按二档缴费的,一级医院按88%支付(基本药物按90%支付),二级医院按70%支付,三级医院按60%支付。 
2021年度居民基本医疗保险基金年最高支付限额标准一档缴费的为18万元,二档缴费的为22 万元。
参保居民中的门诊慢性病患者在协议定点医疗机构发生的符合规定的门诊医疗费用,起付标准300元以上的部分,一档缴费的甲类门诊慢性病按40%比例支付,乙类门诊慢性病按35%比例支付;二档缴费的甲类门诊慢性病按60%比例支付,乙类门诊慢性病按50%比例支付。
甲类门诊慢性病的门诊支付待遇,二档缴费的不设年(或有效期)支付限额,一档缴费的按病种设年(或有效期)支付限额;乙类门诊慢性病的门诊支付待遇,设起付线并按缴费档次和病种,分别设不同的年(或有效期)支付限额。
参保居民在指定的定点医疗机构就医发生的符合规定的门诊医疗费,由普通门诊统筹基金按50%的比例支付,实行起付线和限额管理。
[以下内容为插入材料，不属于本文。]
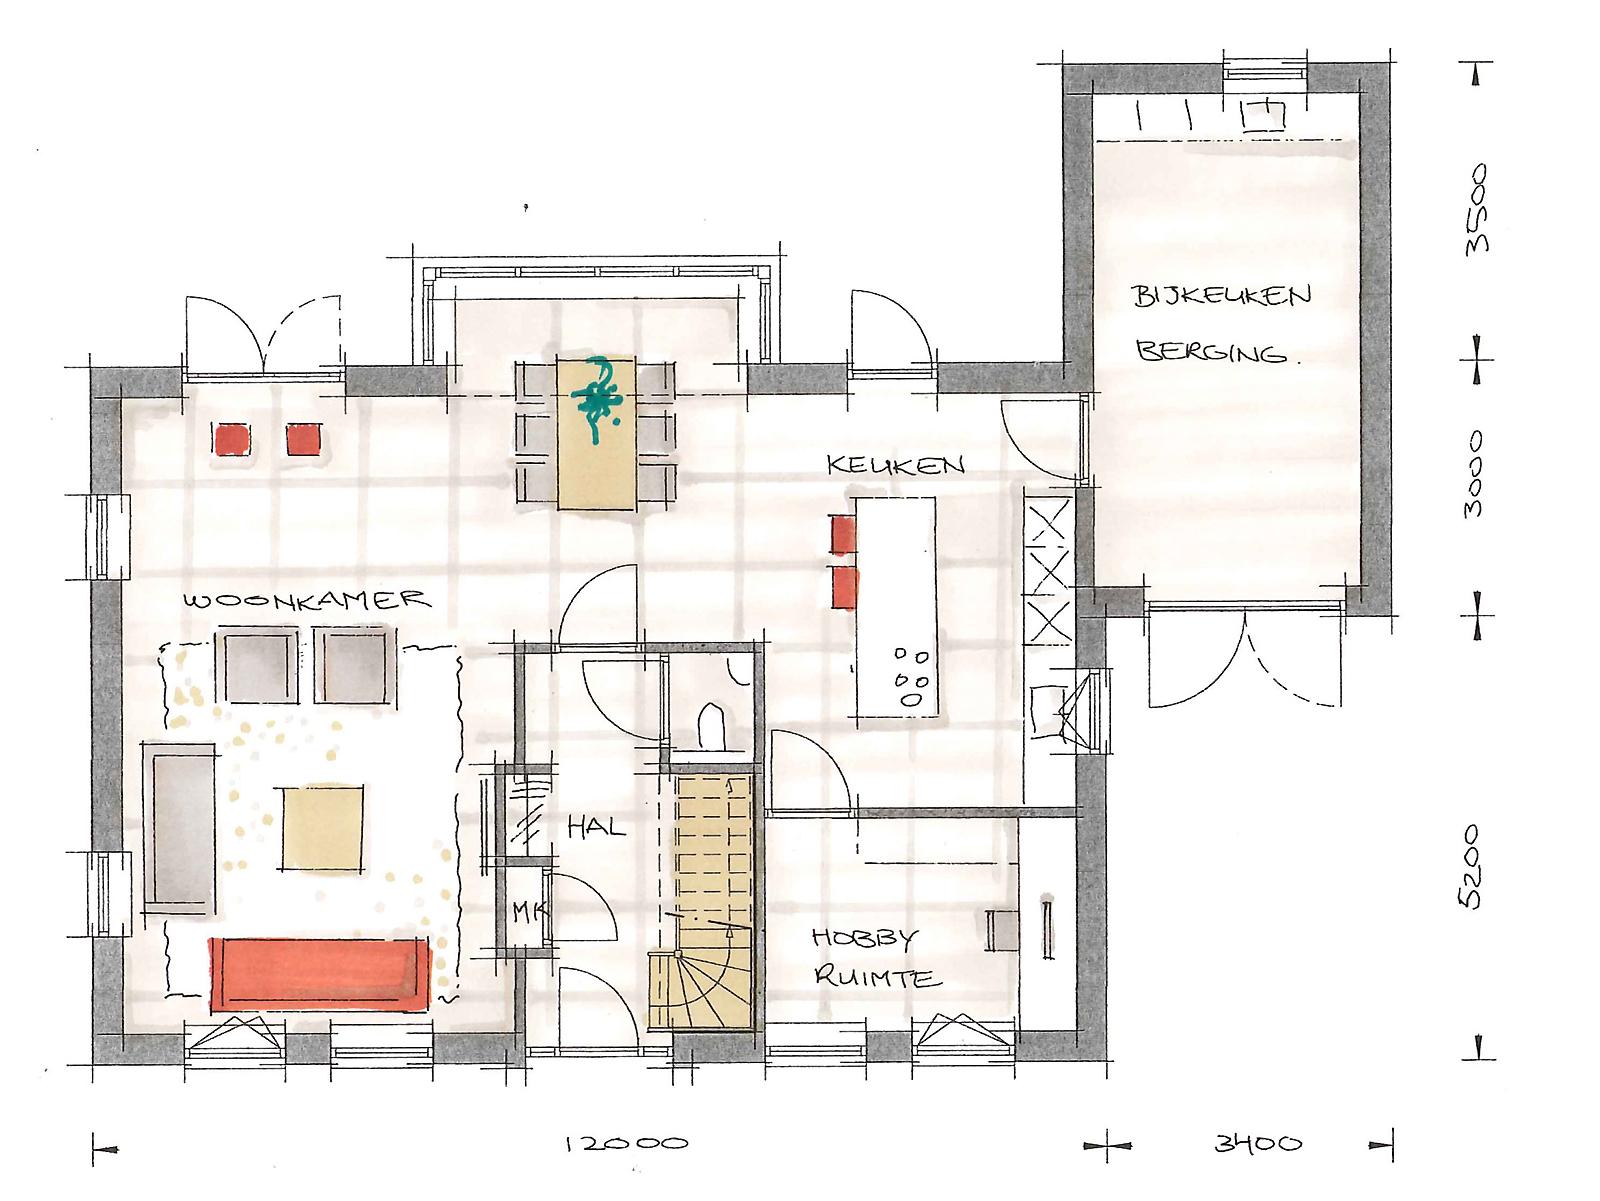 Interieur building design architectuur for Trap tekenen plattegrond

参保居民在实行国家基本药物制度的基层医疗机构发生的普通门诊医疗费用,其待遇支付不设起付线,其他医疗机构起付线为每次30元;年最高支付限额一档缴费为200元,二档缴费为350元。
对居民一个医疗保险年度发生的住院、门诊慢性病医疗费用,经基本医疗保险报销后,个人累计负担的合规医疗费用超过起付标准的部分,由居民大病保险按比例补偿。
起付标准为1.6万元,个人负担的合规医疗费用1.6万元以上(含1.6万元)、10万元以下的部分给予60%补偿;10万元以上(含10万元)、20万元以下的部分给予65%的补偿;20万元以上(含20万元)、30万元以下的部分给予70%的补偿;30万元(含30万元)以上的部分给予75%的补偿。一个医疗年度内,大病保险最高支付限额为40万元。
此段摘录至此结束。